当の歌姫はと言うと、その空間とは不似合いな拍手を受け、恥じらいに頬を紅くさせながらステージを降りていた。
此処がもっとちゃんとした表舞台だったならば、彼女はもっと素晴らしい拍手を浴びていただろう。
だからこそ、少年は残念に思えてならなかった。
「見て、お姉ちゃん」
「どうしたの?」
歌い終わったばかりの彼女の傍へ、同じ年頃の少年が近づいた。
彼女の裾を掴む少年は、観客であった少年少女の方を指差す。
指された少年は彼女を「お姉ちゃん」と呼ぶ彼への不快感と羨ましさを抱き、無意識に顔を顰めさせてしまう。
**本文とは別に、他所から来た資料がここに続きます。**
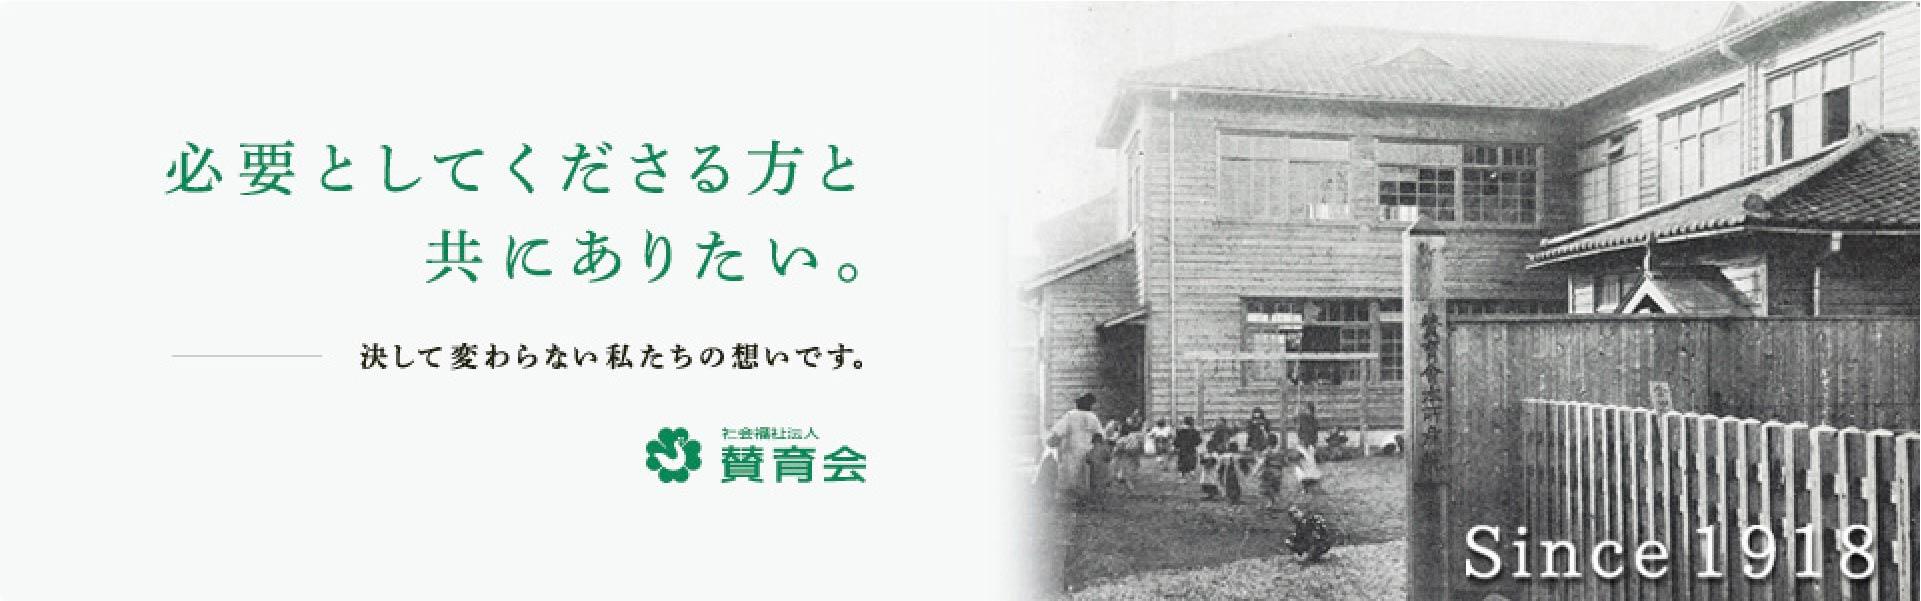 사회복지법인 산이쿠카이

と、歌姫たちが突如ゆっくりとカウンターへ歩み寄って来た。
少年少女の傍へとやって来た歌姫は穏やかな笑みを浮かべた。
「こんにちは。貴方達もこの酒場で働いてるの?」
「こっちはそうだけど、私はお母さんのお手伝いです。名前はリンダ。そしてこっちが―――」
「アーサガ…」
女性は二人を一瞥した後、その幼い頭を優しく撫でた。
「こんなところで…偉いのね」
このような行為をされたらば、いつもなら不服とばかりに牙を向けていた少年―――アーサガであったが、このときばかりは彼女の優しい声色と手のぬくもりに俯くことしか出来なかった。
アーサガは少年らしい澄んだ双眸で、静かに歌姫を見上げた。
「僕はフルト。よろしく、アーサガ!」
と、無邪気な顔をした少年が彼女の横からひょっこりと現れ、アーサガに向けて手を差し伸べた。
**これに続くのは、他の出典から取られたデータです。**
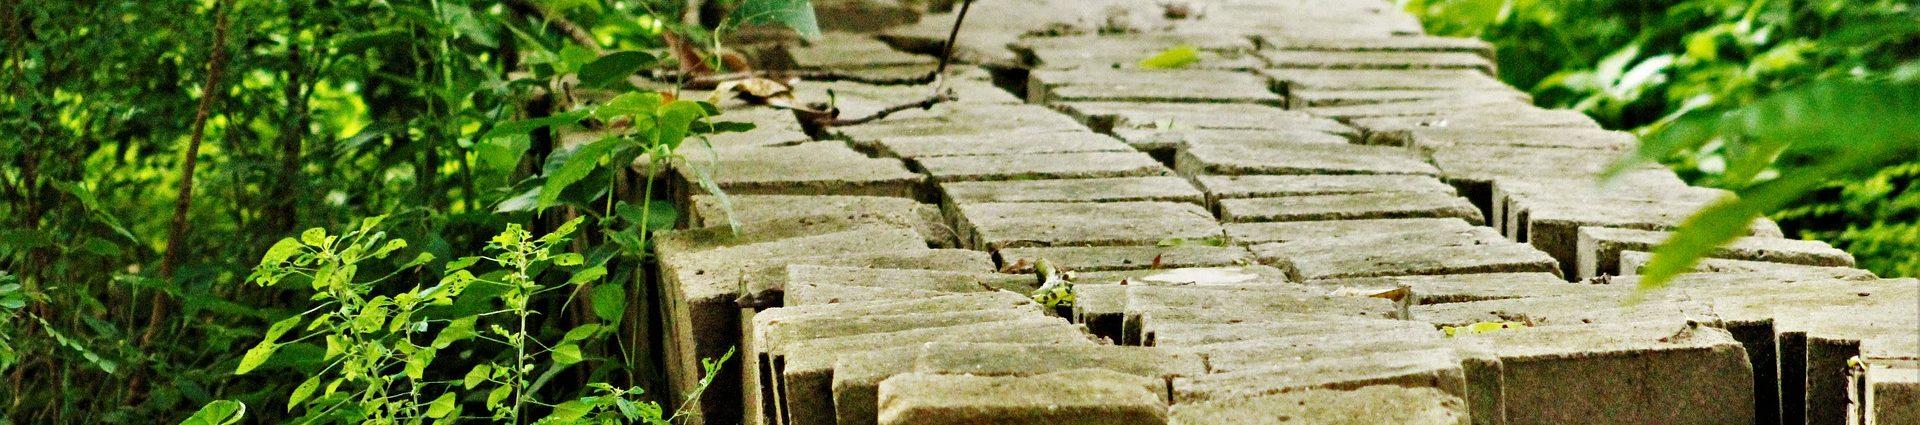 Sectoren - bouw - groen - civiel

そこで我に返ったアーサガは、いつもと同じむっつり顔に戻り、思わず女性の手を跳ね除け目を逸らした。
しかし、少年の態度に怒りを見せるどころか、笑顔を浮かべ、彼女は自身の手を胸へと当てた。
「私も自己紹介しないとね。私は―――」
「何やってんだい、アドレーヌ!」
怒声にも近い、遠くから聞こえてきたその声によって、夢の様な時間は終わりを告げた。
歌姫の背後から現れた中年の女性の声に気付くと、歌姫は慌てたように振り返った。
「あ、お母さん!」
「おやリンダ。こんなとこにいたのかい?」
アドレーヌと呼ばれた彼女が急ぎ返事をしようとするよりも早く、リンダが大きな声を上げた。
彼女は席を立ち、母と呼んだその女性へ駆け寄った。
リンダの表情は歌を聴いていたとき以上の喜びに満ちており、幸せいっぱいという様子で母に抱きついた。
愛娘の愛くるしい抱擁に、中年女性もつられて笑みを零す。
が、目の前の歌姫―――アドレーヌへと向ける態度は先ほどと変わらず、冷淡そのものだった。
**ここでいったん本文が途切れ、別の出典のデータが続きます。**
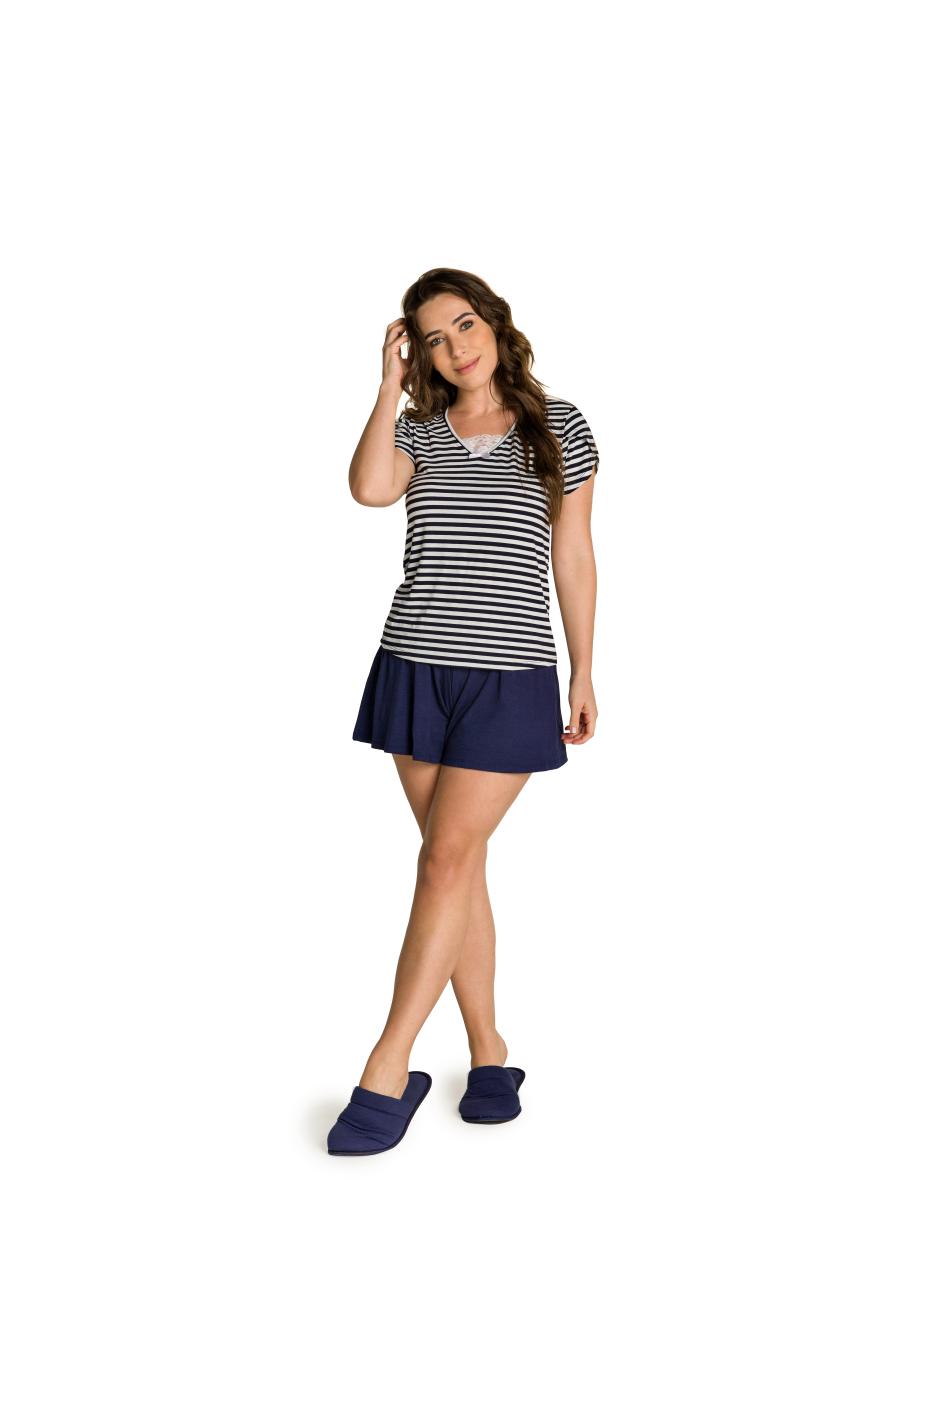 012/B - Short Doll Adulto Feminino Listrado com Laço e Renda

「ジャスミンさん…その、弟がどうしても同年代のこの子達とお話してみたいと言ったので…」
「いや別に大した用事じゃないんだよ。あんたの歌が期待以上だったからこれからも此処で歌って貰おうかって伝えたかっただけだからね」
「本当ですか…ありがとうございます」
アドレーヌははにかみながらそう言うと、静かに腰を折り曲げた。